I spent two hours last night beating myself over the head with RAM sticks. Got an ewasted server that had the alarm misconfigured, figured I’d upgrade it and put in a valid configuration since it was just off my size. Slapped in some matching size sticks and it wouldn’t boot. It took my embarrassingly long to realize that the speeds werent the same and that the server really cared about the speeds being the same, more than it cared about sizes being the same incidentally.
I work in IT that should have been the first fuckin thing I checked smh
I remember when I worked in a data center and there was a custom server order that needed something like 64 sticks per server, and procurement didn’t bother to make sure that we had sets that were the same speed, timing, or brand. Thankfully I caught it before we wasted a ton of time troubleshooting.
I just set up wanderer and workout-tracker. Along with installing gadgetbridge on my phone, I now have a completely self hosted fitness/workout stack with routes, equipment tracking, heatmaps, general health metrics like HRV, heart rate, etc through my Garmin watch, without having Garmin Connect installed. Awesome!
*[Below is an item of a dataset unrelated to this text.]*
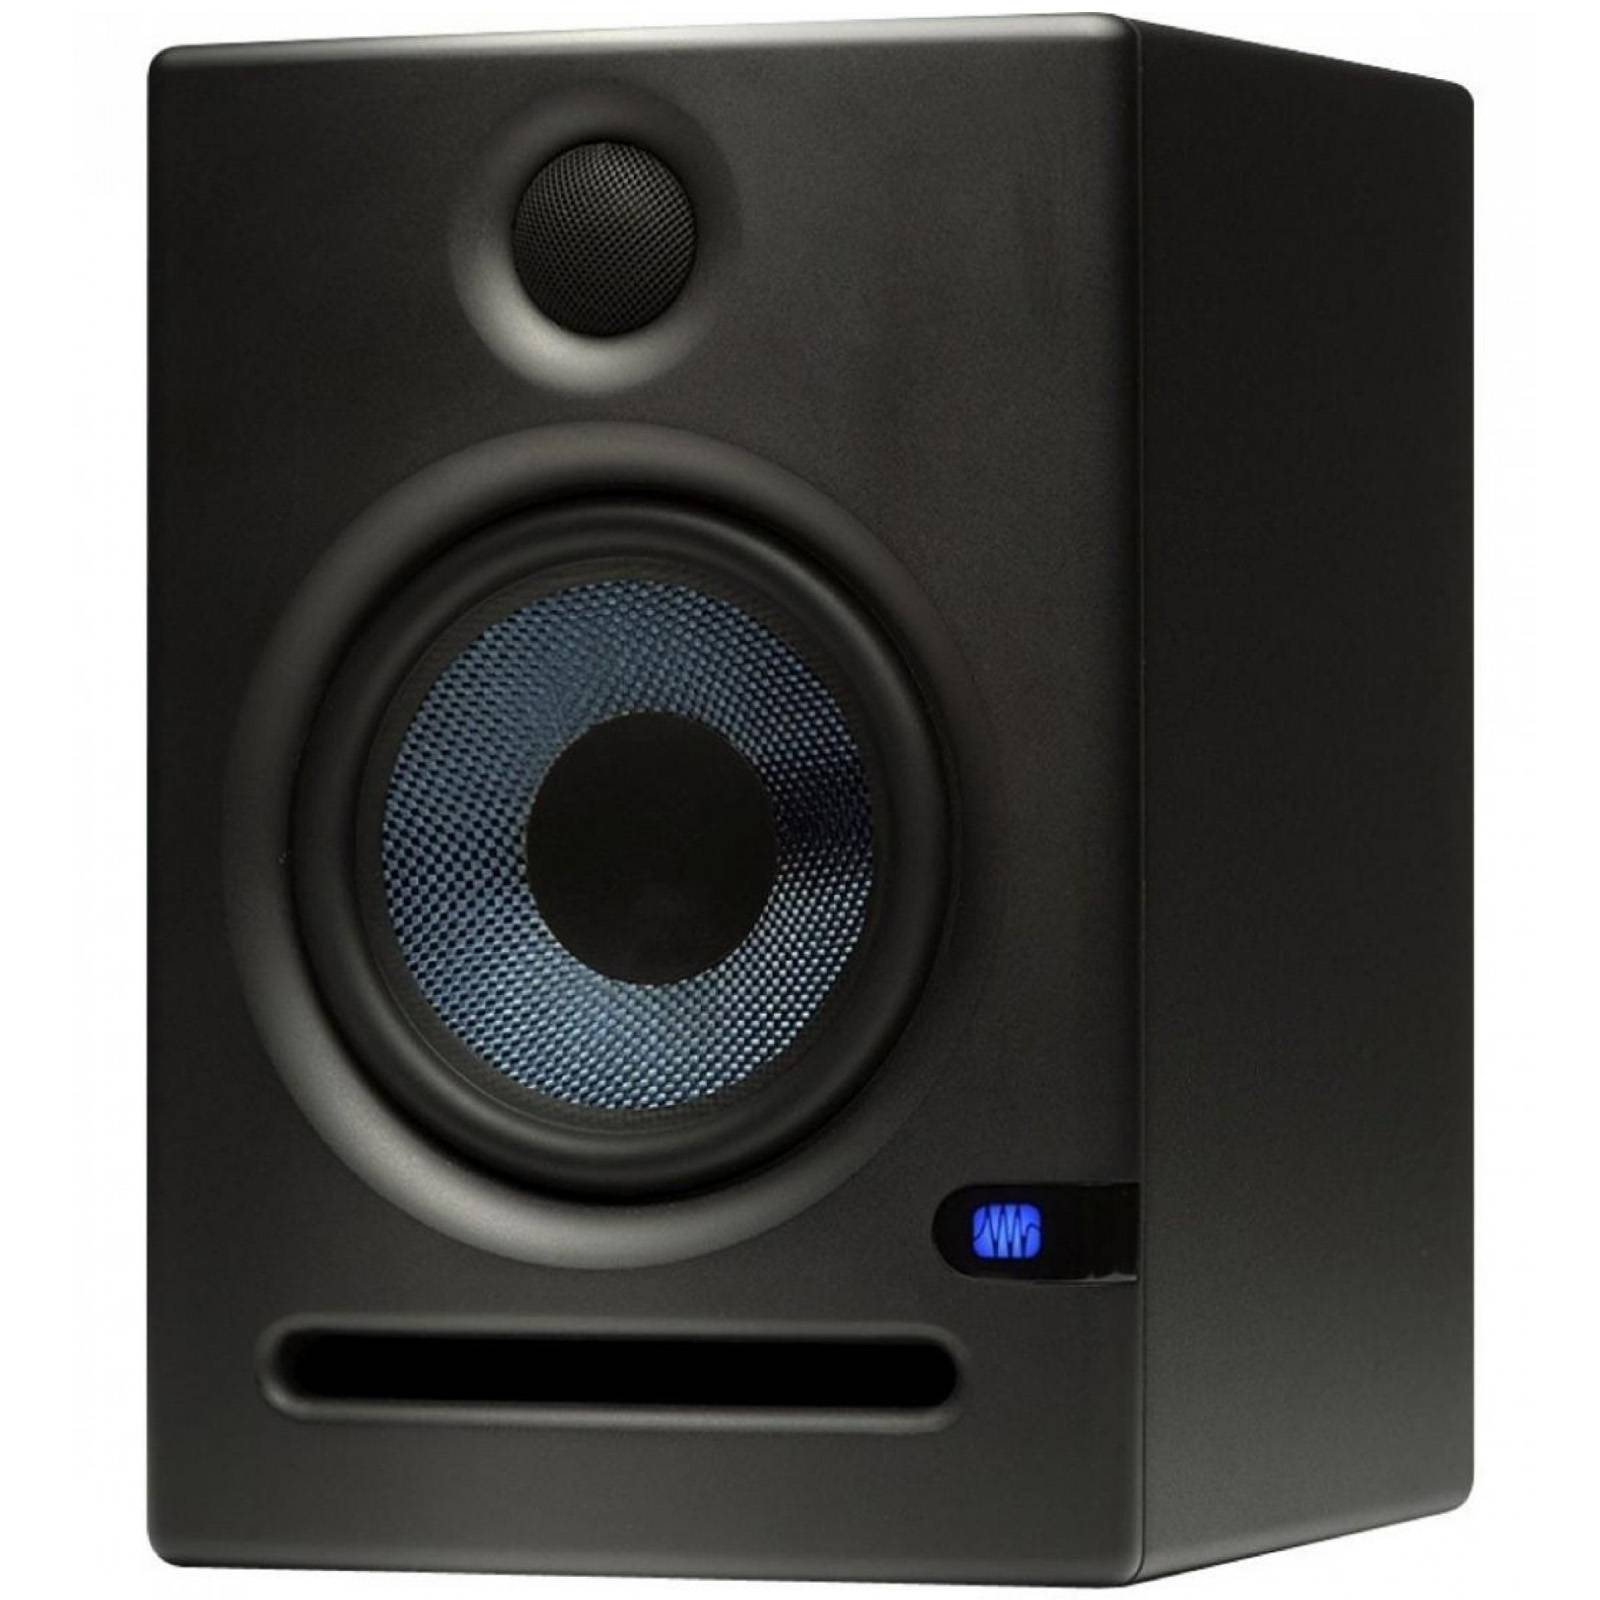 presonus eris e5 studio speaker kit studio monitor speakers from inta audio uk. Black Bedroom Furniture Sets. Home Design Ideas
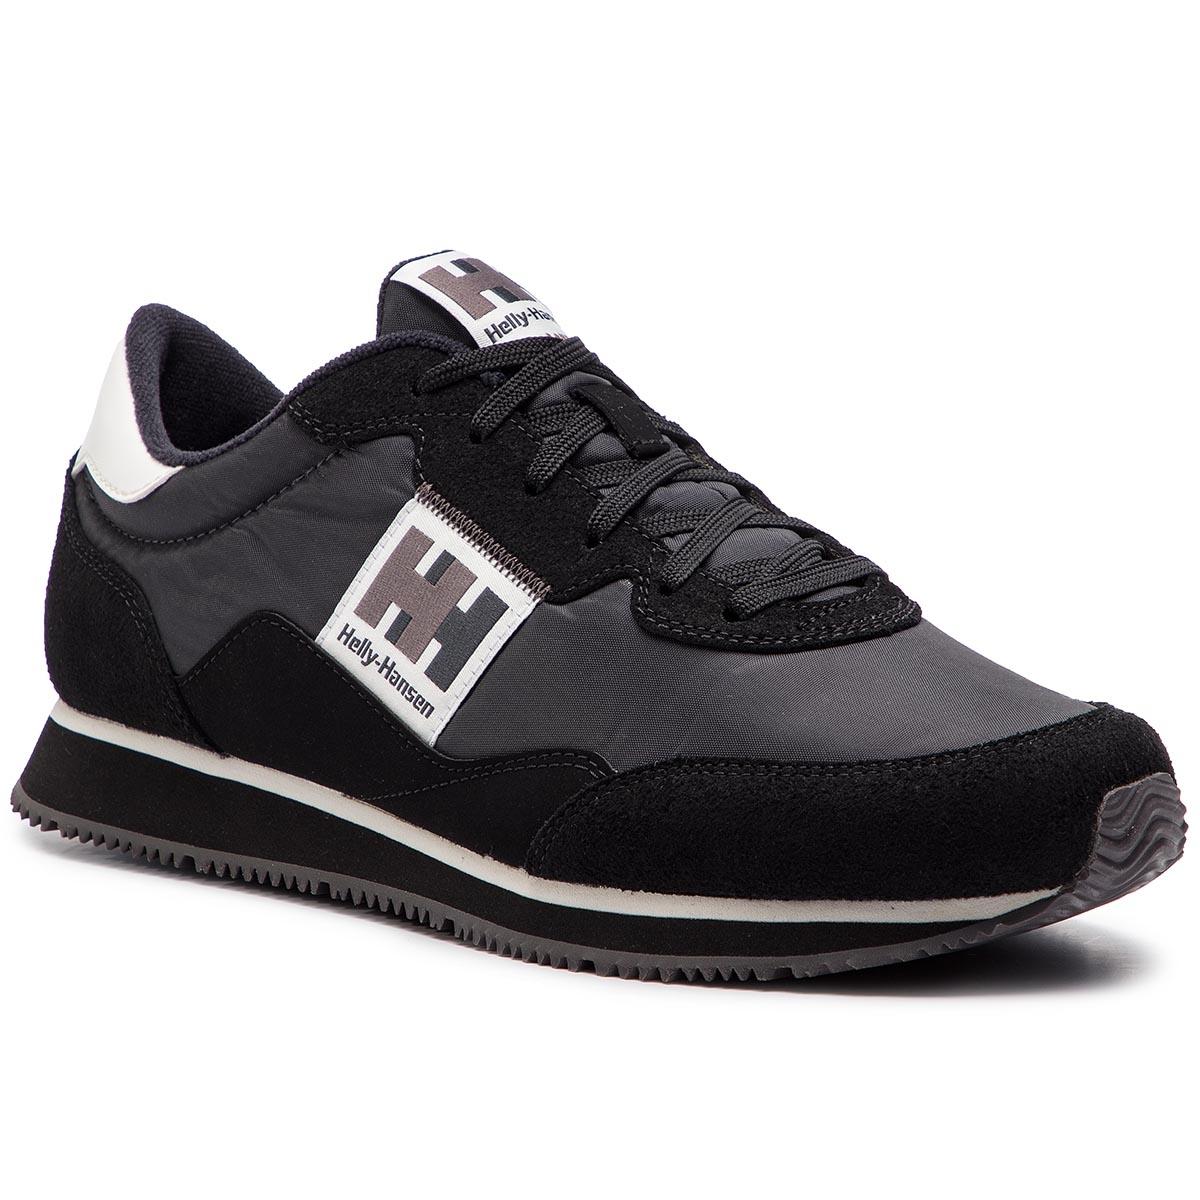 8d15db3312db4 Sneakers HELLY HANSEN Ripples Low-Cut Sneaker 114-81.990 Black Phantom Off  White

Wait, is that possible? I thought gadgetbridge didn’t work with Garmin! Nedd to check this out. Thanks for the inspiration!
That sounds so cool! Not using any tracking/nav devices other than my phone but currently my routes just stay local without having any kind of management for them.
hosting everything as usual sir
I started hosting audiobookshelf since Jellyfin was pretty clunky for audiobooks.
how is your experience with it? I’m considering setting up audiobook shelf as well.
Had the intention of making a hidden TOR website version for all my websites but I’m sick
Oh, sounds pretty cool, I have never looked into that.